Almost a third (31%) of people in the UK believe that they will not be able to repay their debt within their lifetime, while 12% state they will not be able to reduce their debt levels, according to new research from Equifax.
The survey, conducted with Gorkana, indicated that those aged between 18 and 24 are the most pessimistic with regards to debt, with only 50% believing they will pay back their debt in full during their lifetime, compared to 78% of 55-64 year olds. Furthermore, the study found that men are more confident they will clear their debt compared to women, at 73% and 65% respectively.
People from the East Midlands (59%) were the least likely to think they will repay all their debt over their lifetime, with those from the North East (16%) and London (16%) most likely to believe they won’t pay off any debt over this period.
Those aged 25-34 are most willing to make lifestyle sacrifices to manage their outgoings, with 78% buying own brand foods or shopping at budget supermarkets compared to just 58% of those 65 or over. Similarly, almost three quarters (72%) of 25-44 year olds have reduced their spending on items such as clothes, holidays and gym memberships in an attempt to reduce spending, compared to just 45% of those aged over 65.

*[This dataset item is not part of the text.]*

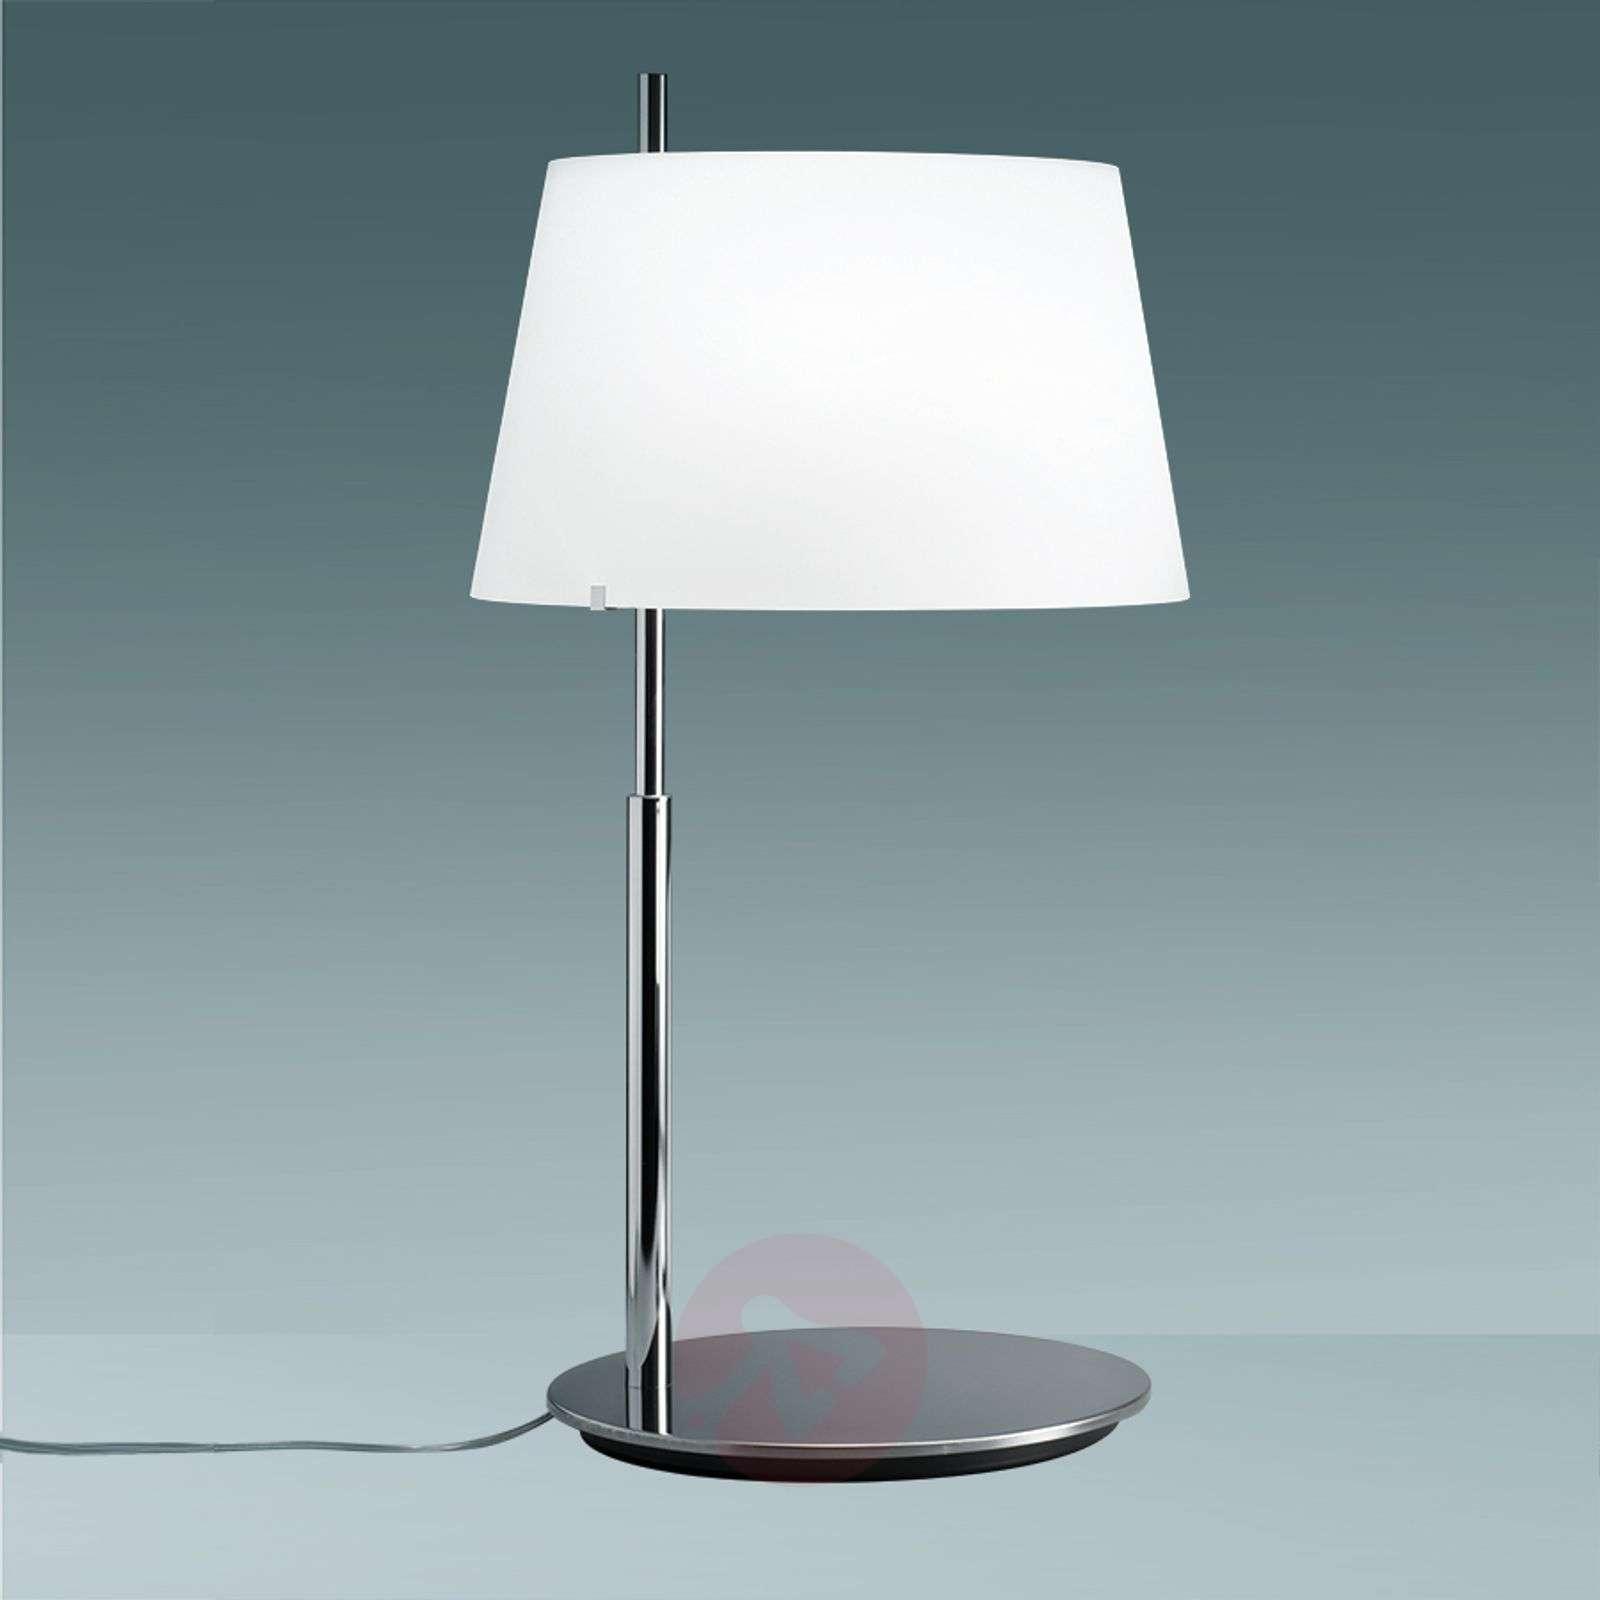 Exquisite table lamp Passion-3520169X-03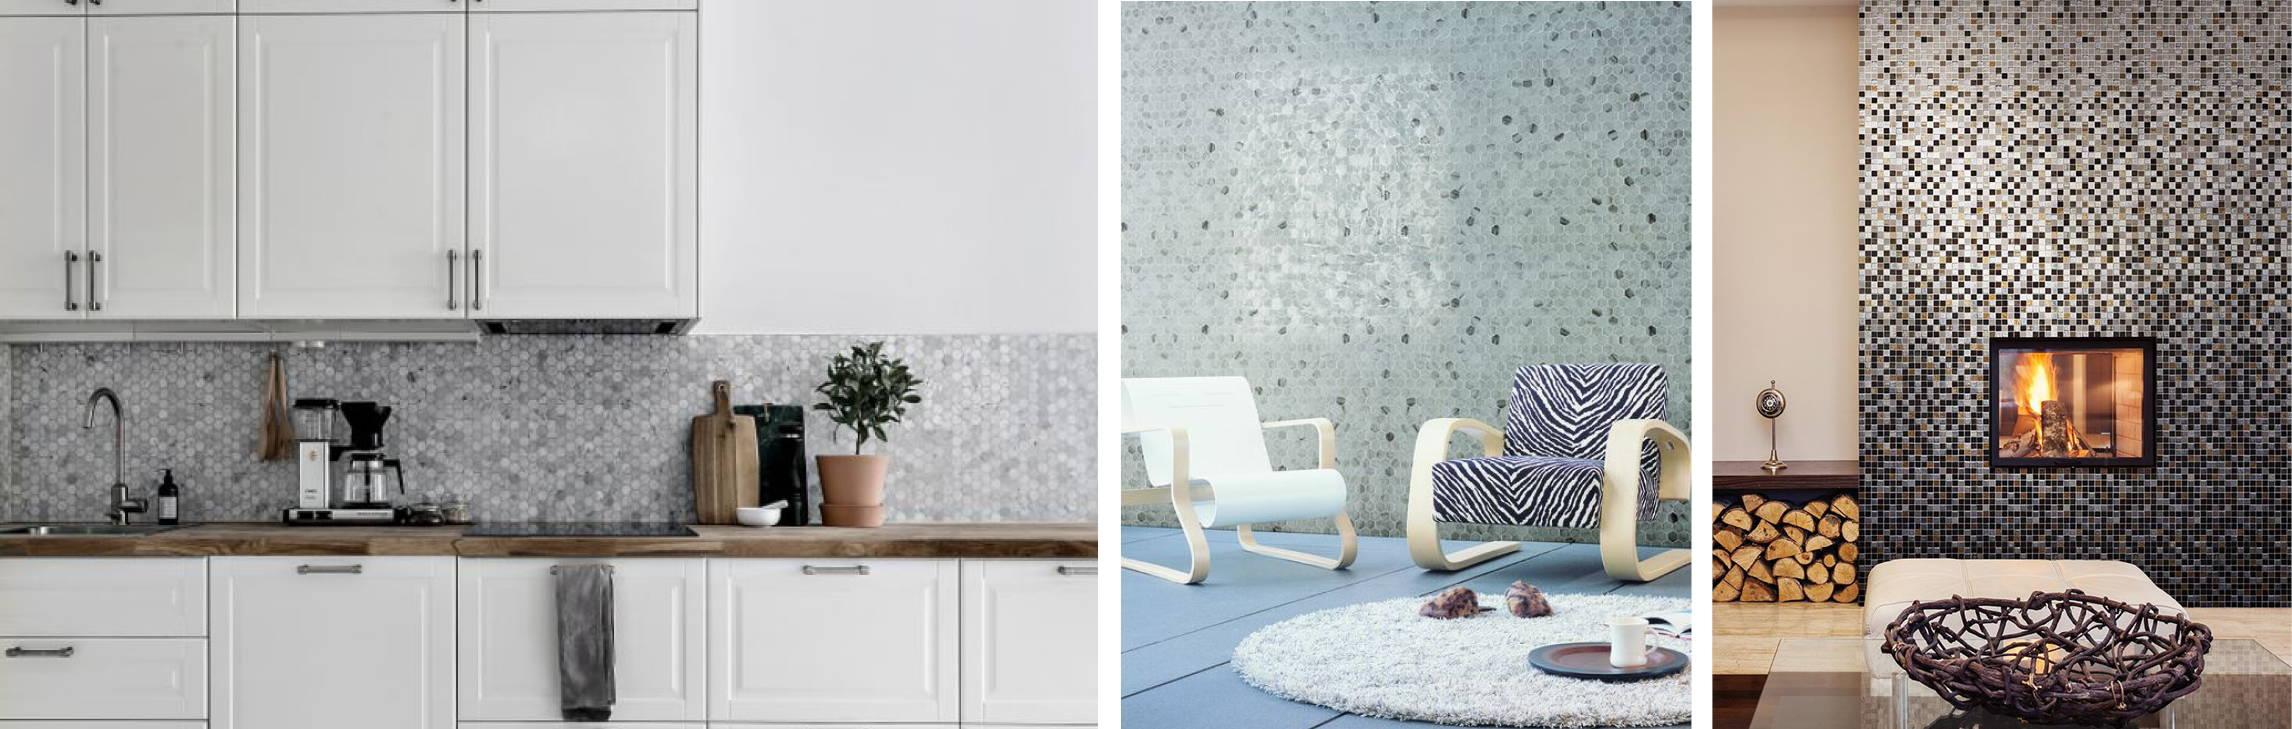 Mosaik - Kakel & Klinker - Stuvbutiken

Equifax head of financial difficulties Richard Haymes said: “There’s a clear generational divide when it comes to the perception and treatment of debt, with younger people feeling less confident of ever being debt-free. This may be down to factors such as increasing levels of student loans and exponentially higher property costs, as well as a prolonged period of low interest rates, which means credit for those who can afford is relatively cheap to access.
“With inflation hitting a six-month high in August (2.7%), a recent interest rate rise and limited wage growth, it’s disconcerting that a large proportion of people are taking on debt without a realistic expectation of being able to pay it back.”